Job ID: 30494
Location: Evanston, Illinois
The Senior Systems Administrator completes efforts and projects related to the design, installation, operation, support, upgrades and maintenance of infrastructure, including software, servers, networking and storage. Administers, maintains and supports complex and critical infrastructure. This role provides user support for server hosting requests, problem resolution, system changes and upgrades. The incumbent analyzes infrastructure performance and resolves problems or makes appropriate recommendations. This role ensures that all aspects of operability are delivered as part of the implementation process while also ensuring that existing service level is maintained or improved. Contributes to and ensures full compliance to operational standards, procedures and best practices.

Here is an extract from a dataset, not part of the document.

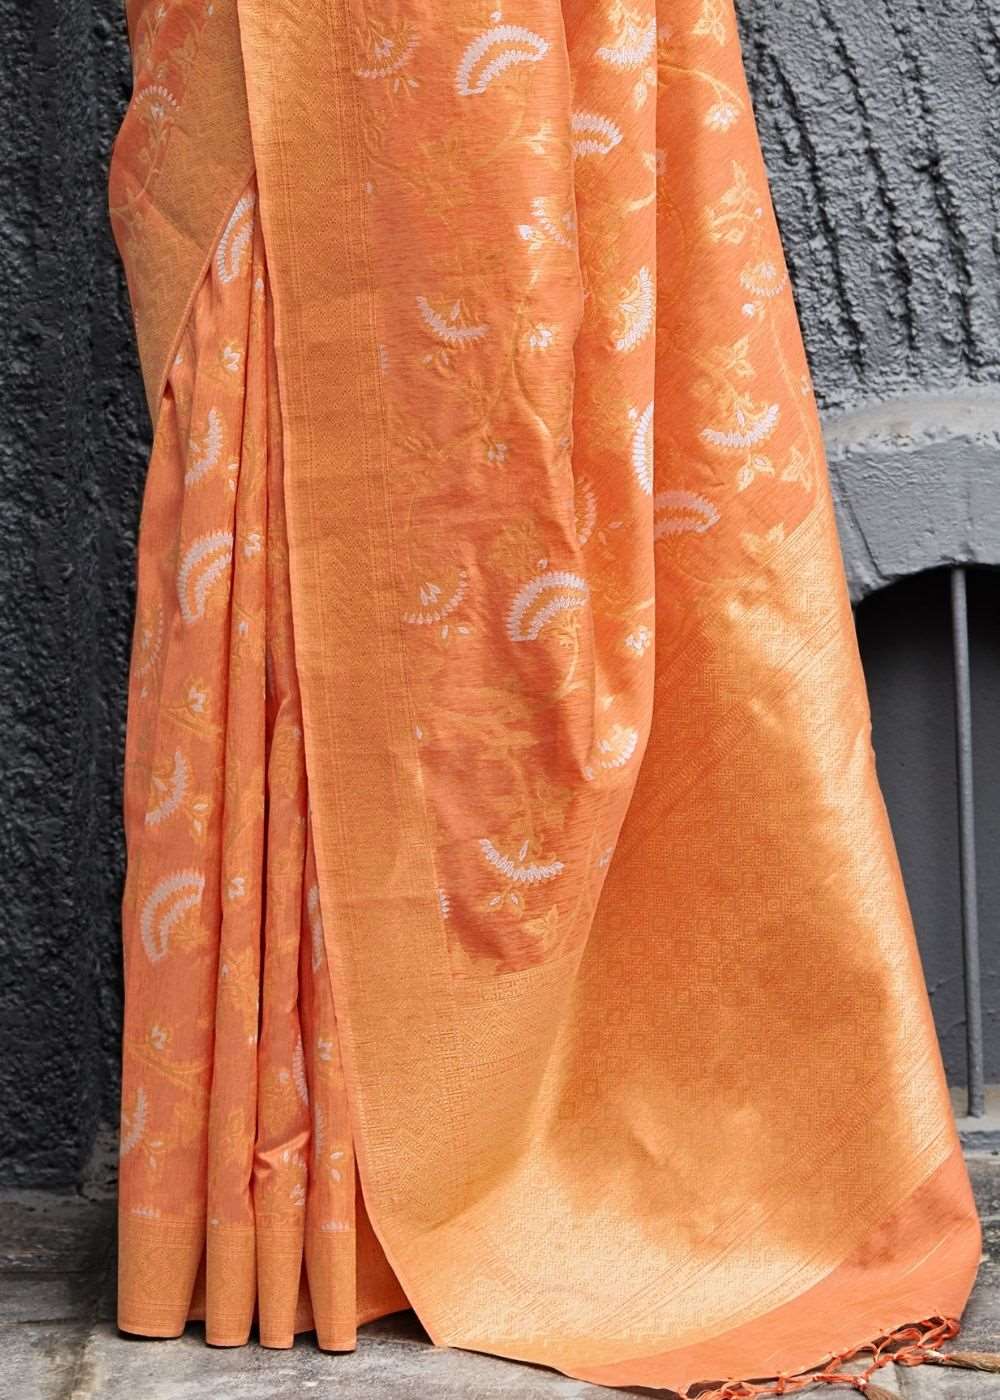 Apricot Orange Banarasi Silk Floral Motif Saree with Golden Border and Pallu - Colorful Saree

- This position is responsible for the operation and maintenance of Northwestern University's Research Computing Infrastructure, consisting of a Supercomputing (HPC) system, multiple on premise server and application environments, and cloud based research computing hosted in Amazon Web Services (AWS). Actively participate in the acquisition, installation, and management of hardware (compute, storage, and network), operating systems (Linux), research and analytical software tools, and Cloud software delivery solutions. Operational aspects of role involve maintaining the environment to optimal working efficiency, scripting and bringing to bear automation tools, administration and monitoring, facilitating and executing “scheduler” related activities, handling support requests, and resolving hardware and software related events. Collaborate regularly with the research computing consulting team, and participate in the creation and execution of standard operating procedures to maintain the integrity and security of on premise and cloud based solutions.
- Leads planning, development, and coordination of operations and projects for current and future infrastructures.

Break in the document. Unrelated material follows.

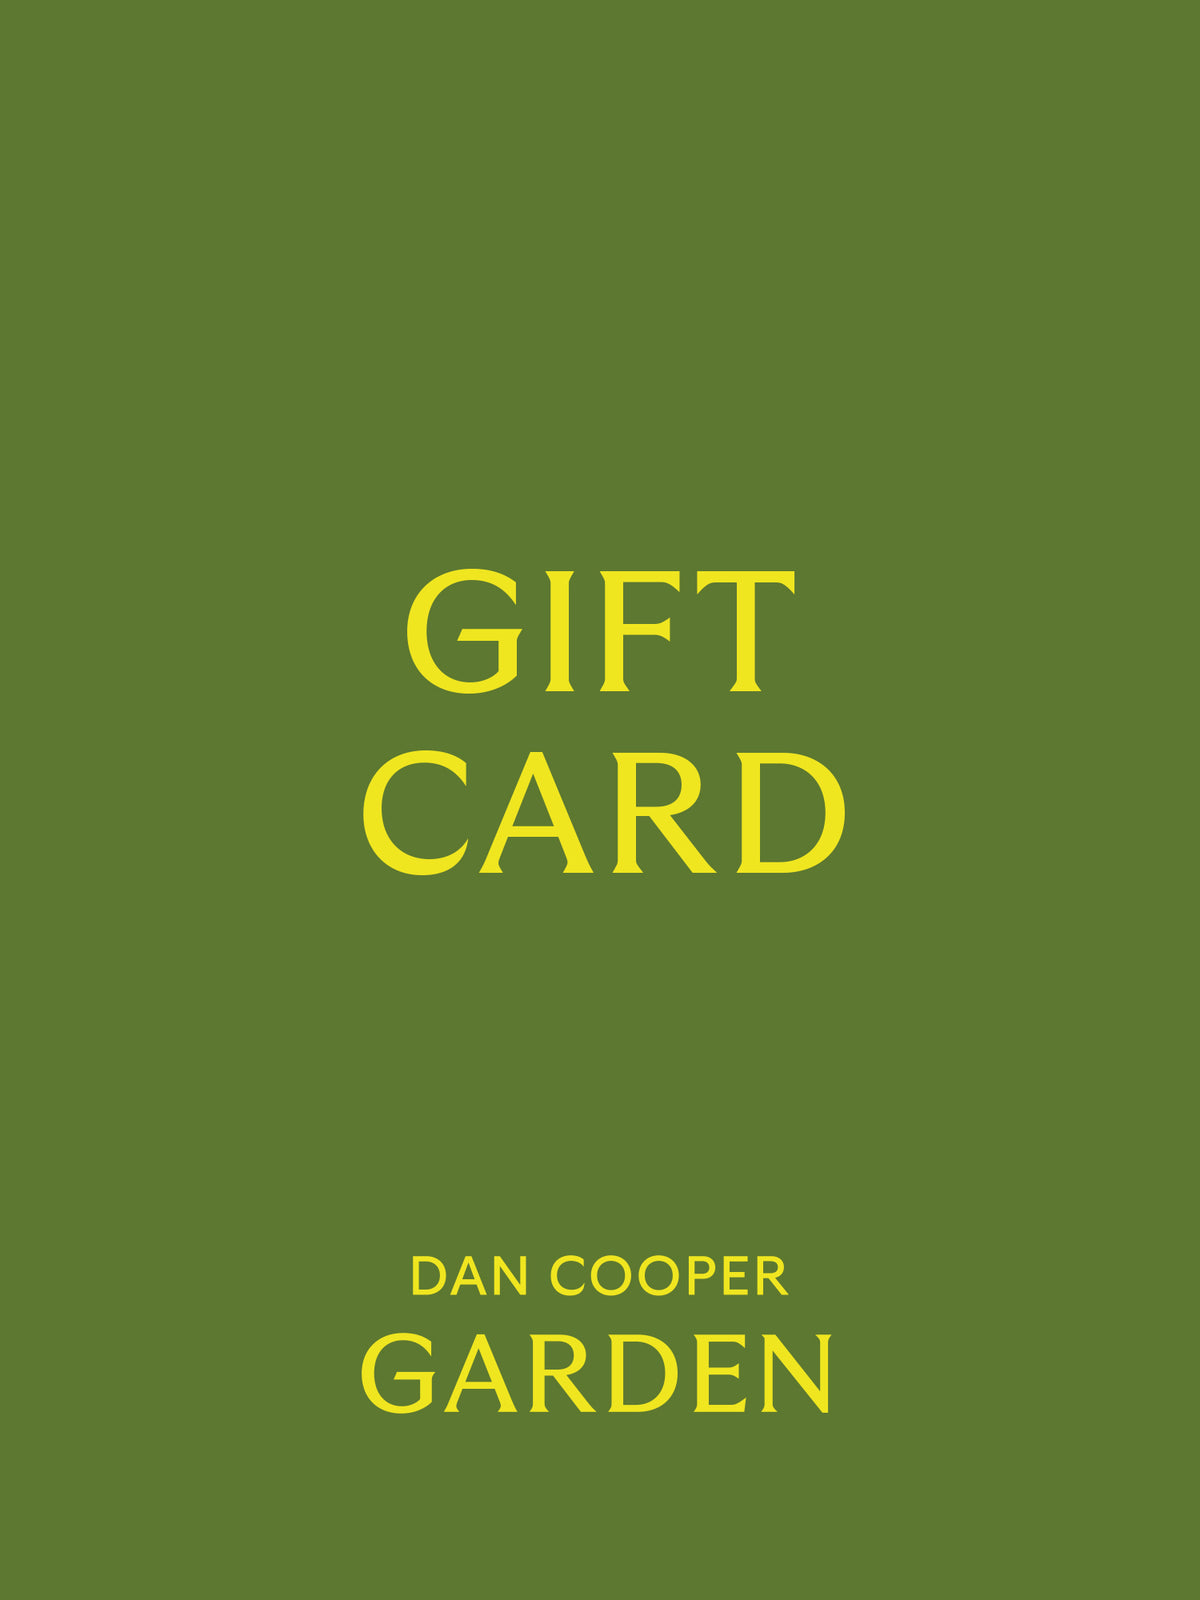 Dan Cooper Garden Digital Gift Card

- Anticipates impact of growth and changes in operations, and recommends design and/or process changes.
- Participates in disaster recovery/business continuity planning including backup and recovery procedures and higher availability configurations.
- Maintains awareness of new technologies through publications, outside contacts, and ongoing professional development
- Ensures data/media recoverability by implementing a schedule of system backups and database archive operations.
- Serves as project liaison – implementations or upgrades, acts as the focal point for communications between our team and the Project Leader.
- Facilitates coordination and a thorough understanding of requirements, attends project meetings, creates written meeting notes, creates appropriate ticketing, etc.
- Maintains policies and standard procedures to increase system uptime.
- Identifies training needs and keeps current on application technologies.
- Monitors security alerts and ensures that appropriate patches are applied in an automated and timely fashion; works with developers to patch or upgrade custom code for security compliance.
- Documents and maintains system standards; researches and recommends innovative approaches for system administration tasks.
- Creates and maintains standard OS installation images for virtualization templates.
- Administration and support of Supercomputing (HPC) hardware (servers, network components, firewalls), operating system (Linux), utilities, and analytical software tools, storage, and backup system
- Facilitation of HPC and research compute “scheduler” toolset and activities
- Cloud computing services configuration and support
- Monitors application performance on servers.
- Evaluates and manages appropriate software and hardware allocations to achieve an optimum performance level.
- Performs capacity planning for projecting future growth.
- In collaboration with development project teams, builds, rebuilds, and/or updates servers and configures hardware and virtual machines (VM), applications, peripherals, services, networking, storage.
- Participation in the implementation and support of cloud based research computing services (Primarily in AWS)
- Leads troubleshooting of application, operating system(s) server hardware, network communications and storage problems within infrastructure.
- Provides a second level of support; leads service incident and problem resolution efforts to support entrusted applications/products.
- Provides user support on deployed servers.
- Consults on best practices to users.
- Provides data and metrics to support sizing requirements and performance tuning decisions. Participate in related decision processes with managers and leads.
- Positive collaborative nature when working with others on team, colleagues from schools, and vendors
- Participate in 24x7 On-Call Rotation Schedule
- Provides work direction and/or supervises staff such as team members, subordinates, contractors, vendors, students, etc.
- Recommends staff hires/terminations
- Coaches and mentors staff
- Manages projects ensuring timelines and deliverables are met and meet expectations
- Performs other duties as assigned.